═════ Information ═════
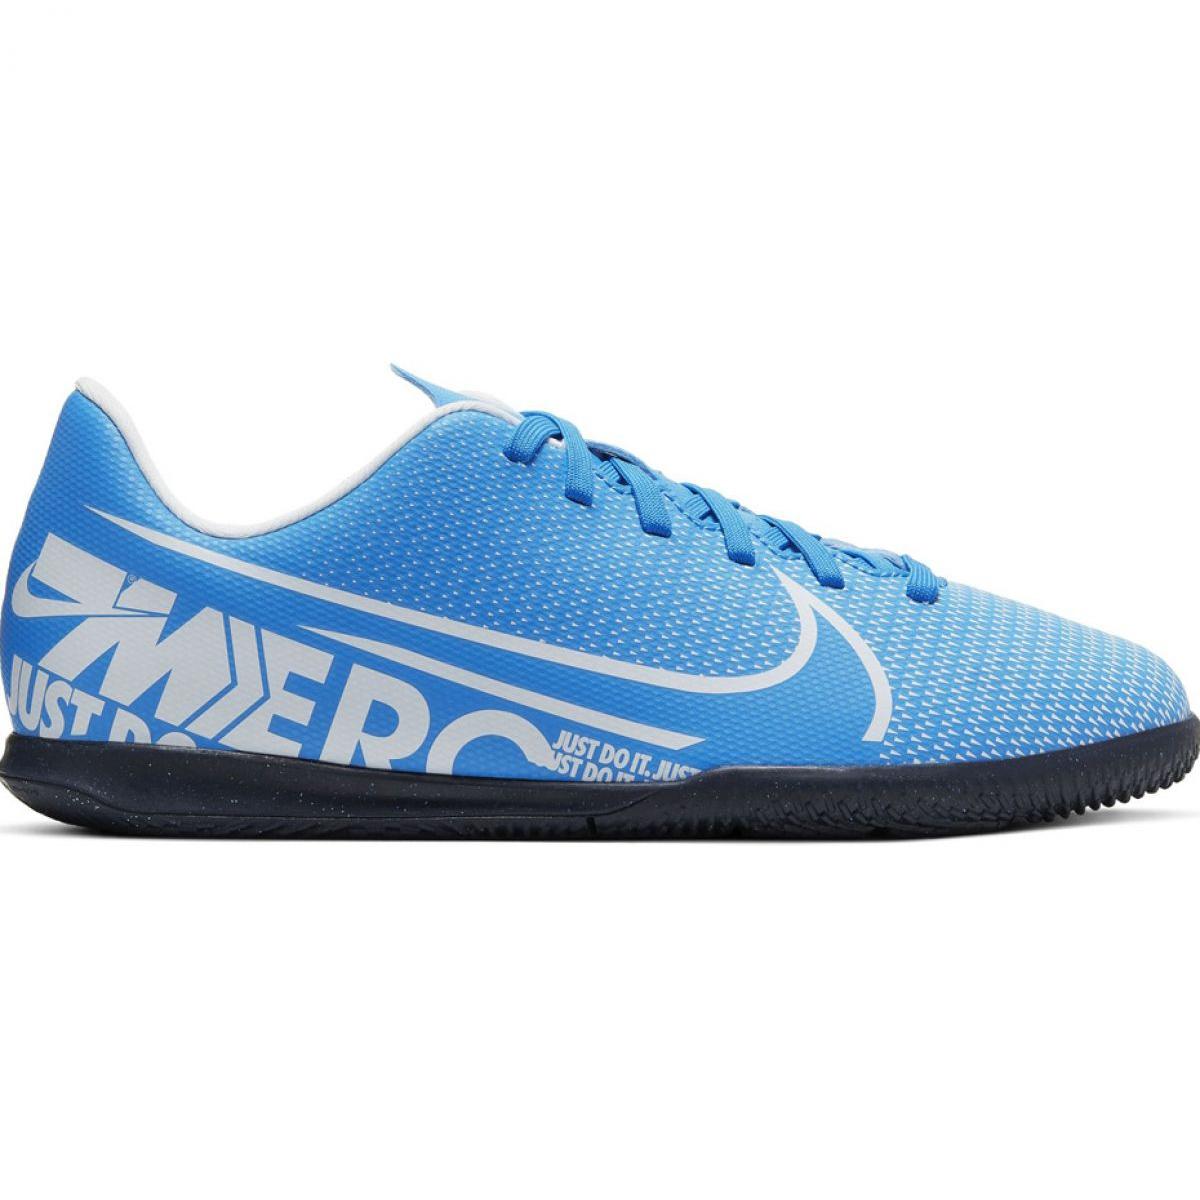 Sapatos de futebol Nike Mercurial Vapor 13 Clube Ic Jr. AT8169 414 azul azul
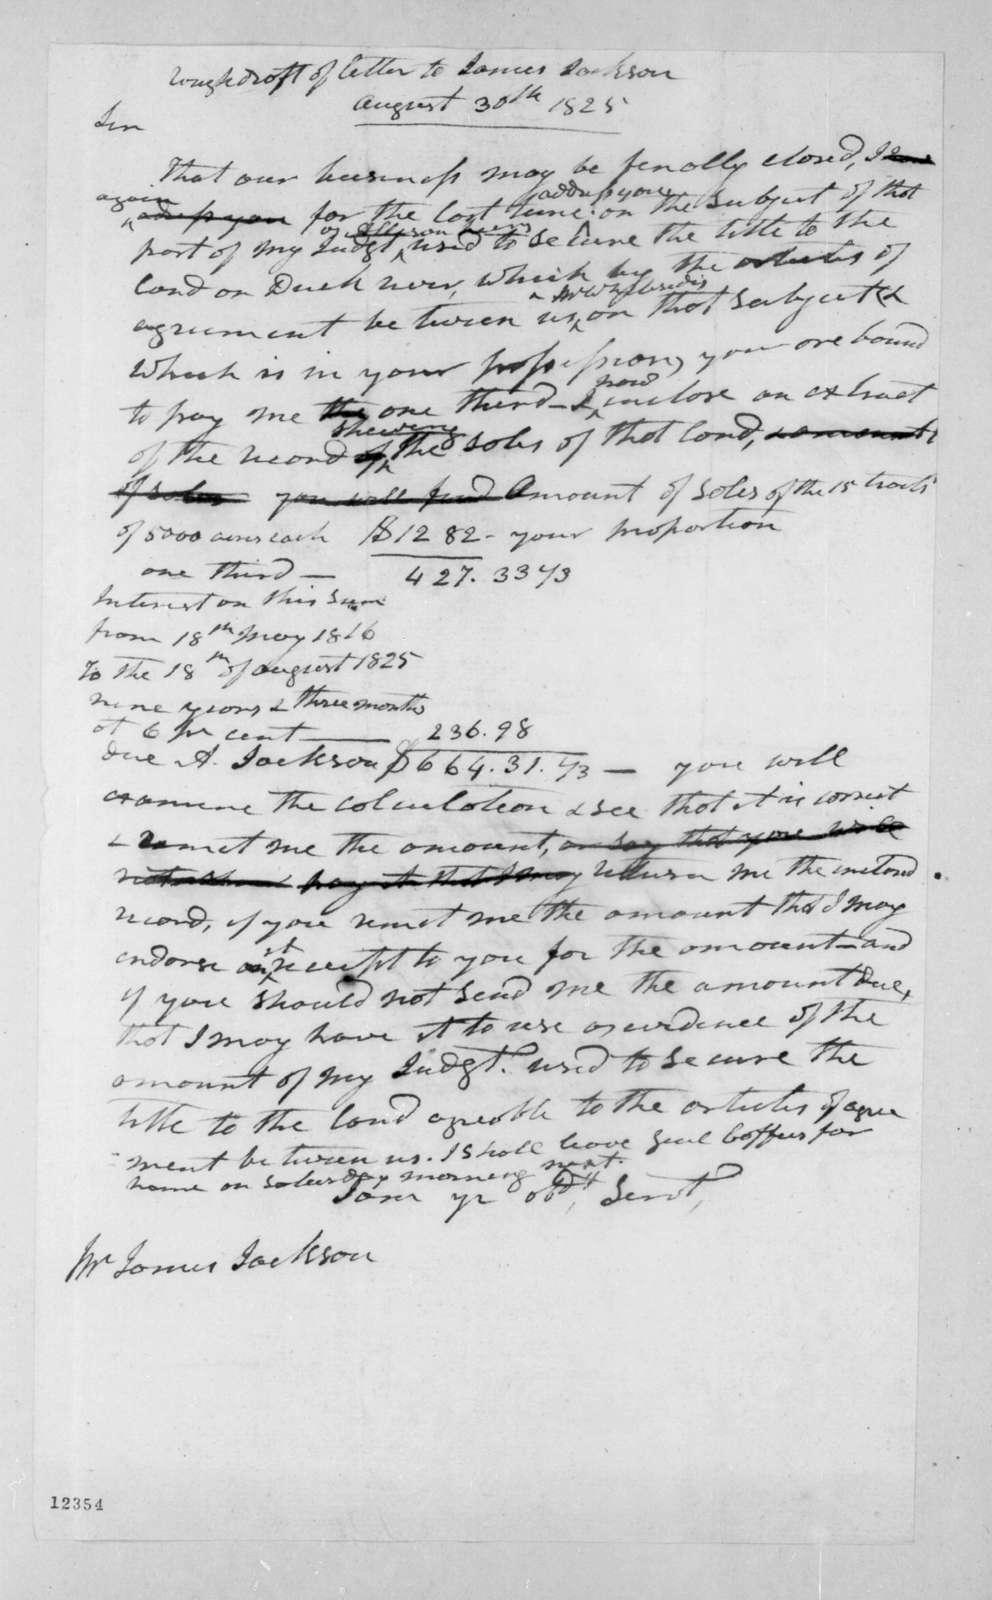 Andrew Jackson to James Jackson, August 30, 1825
═════
═════ Information ═════
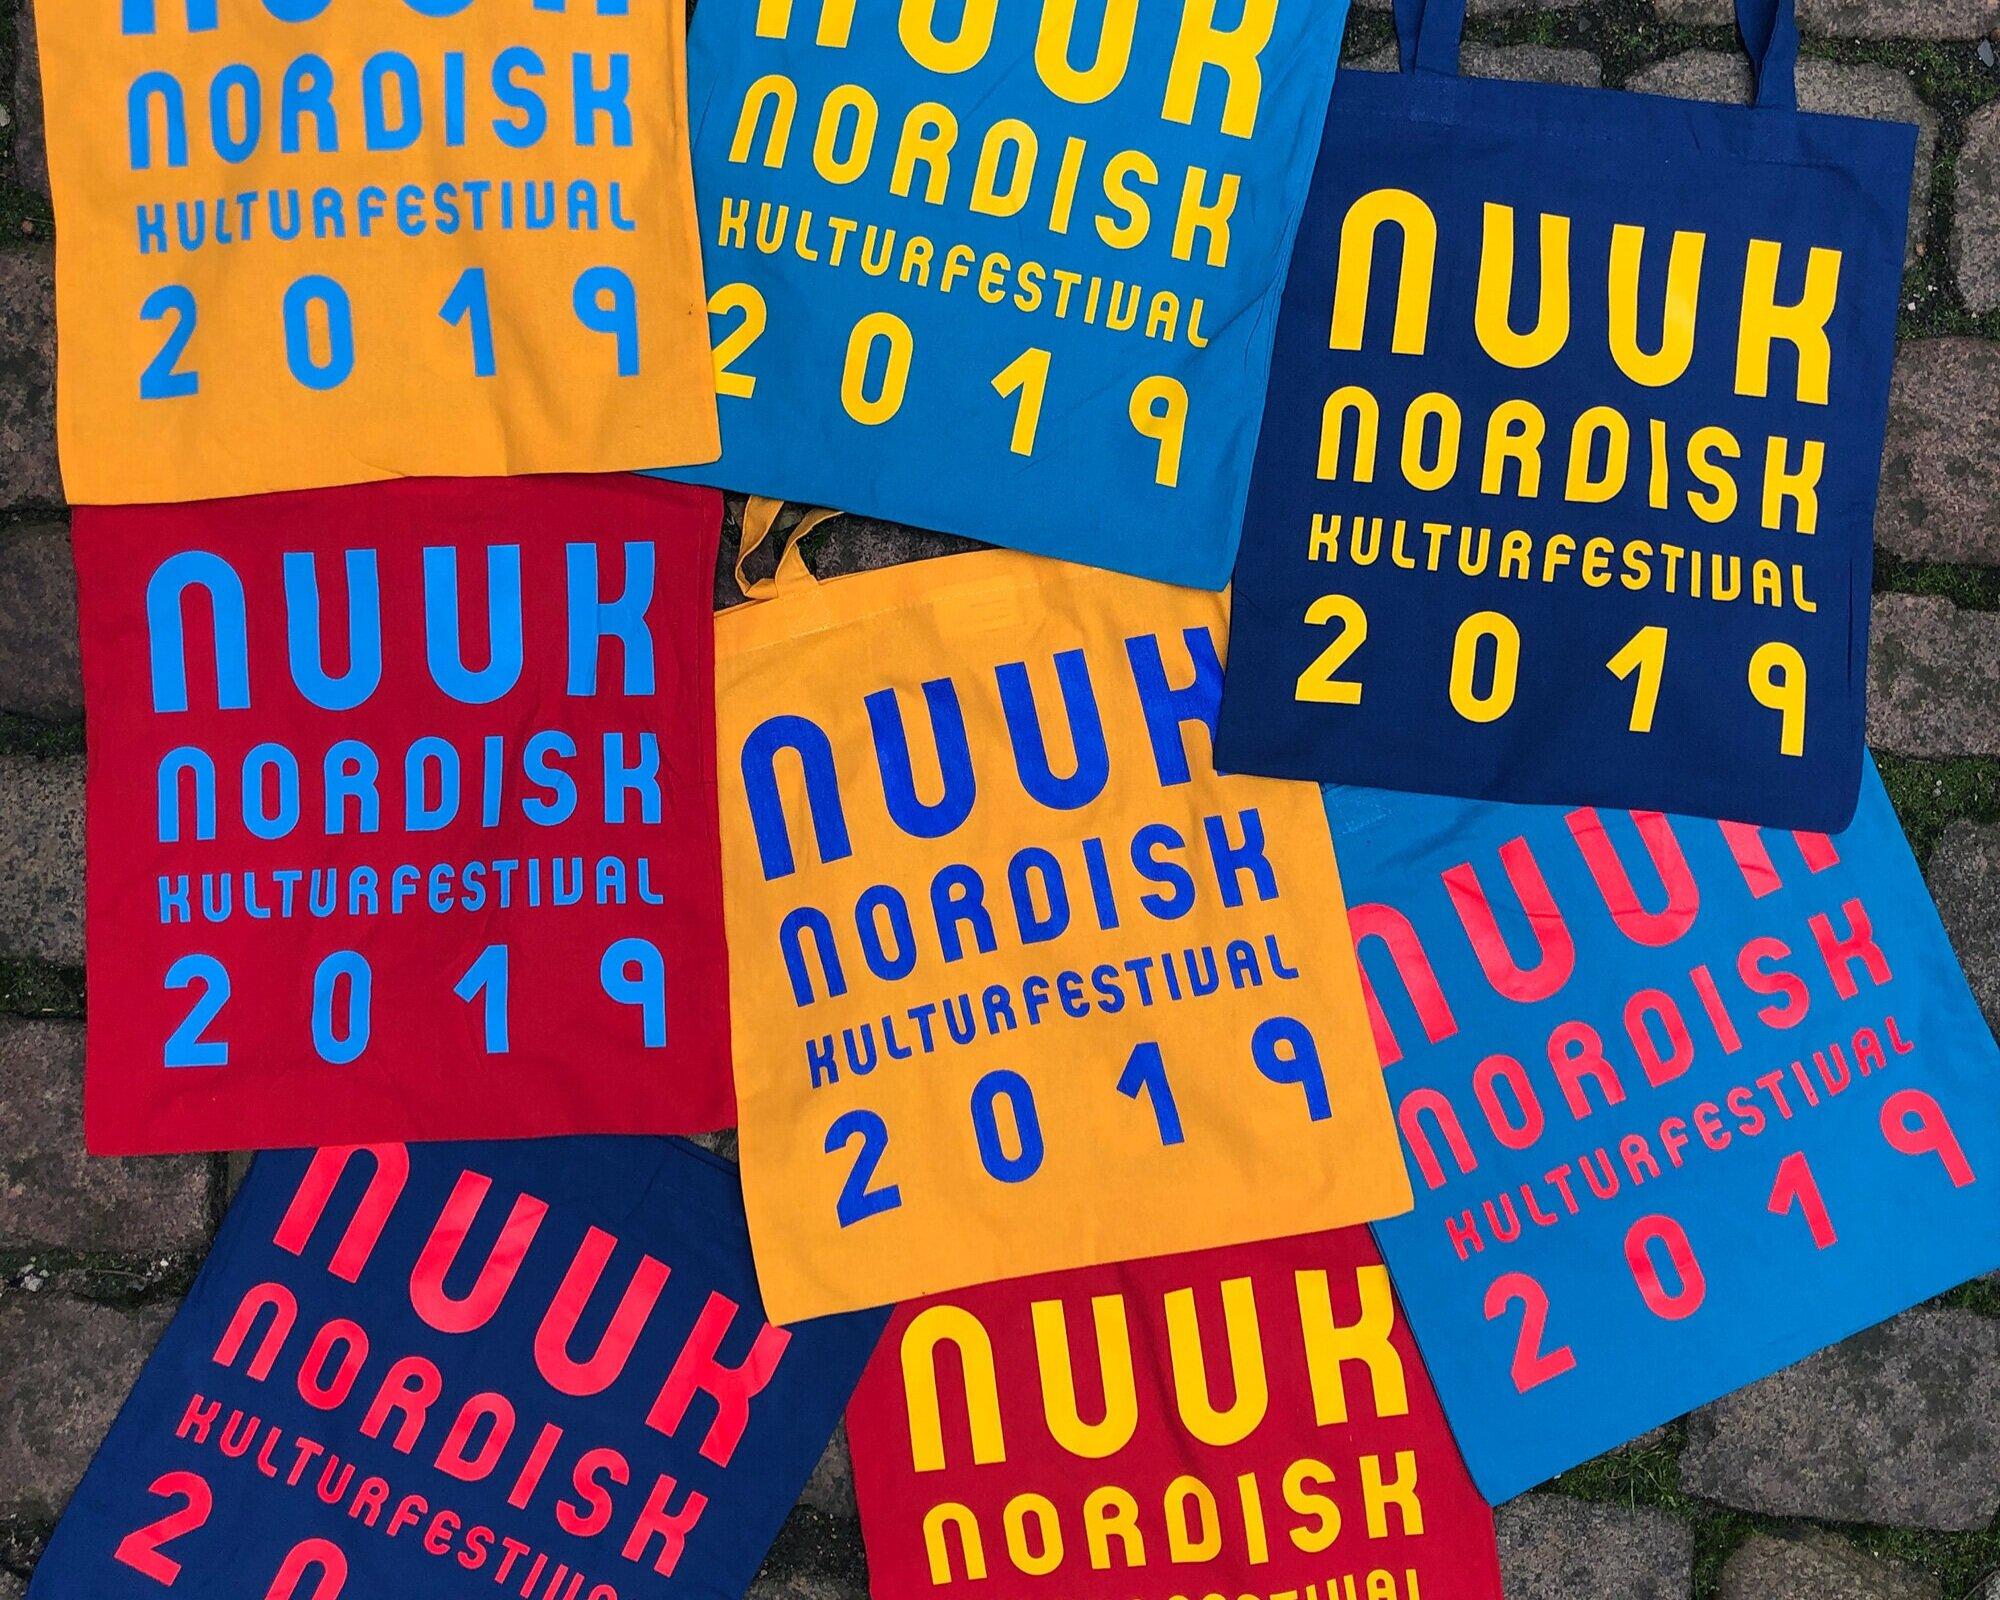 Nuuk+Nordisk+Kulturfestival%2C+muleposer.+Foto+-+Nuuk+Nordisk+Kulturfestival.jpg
═════
Look above for the line with "Sapatos de futebol" and the line with "Andrew Jackson to"; set down those two lines and all lines between them exactly, without pictures and without anything else.

### [Written response]
 Sapatos de futebol Nike Mercurial Vapor 13 Clube Ic Jr. AT8169 414 azul azul
 Andrew Jackson to James Jackson, August 30, 1825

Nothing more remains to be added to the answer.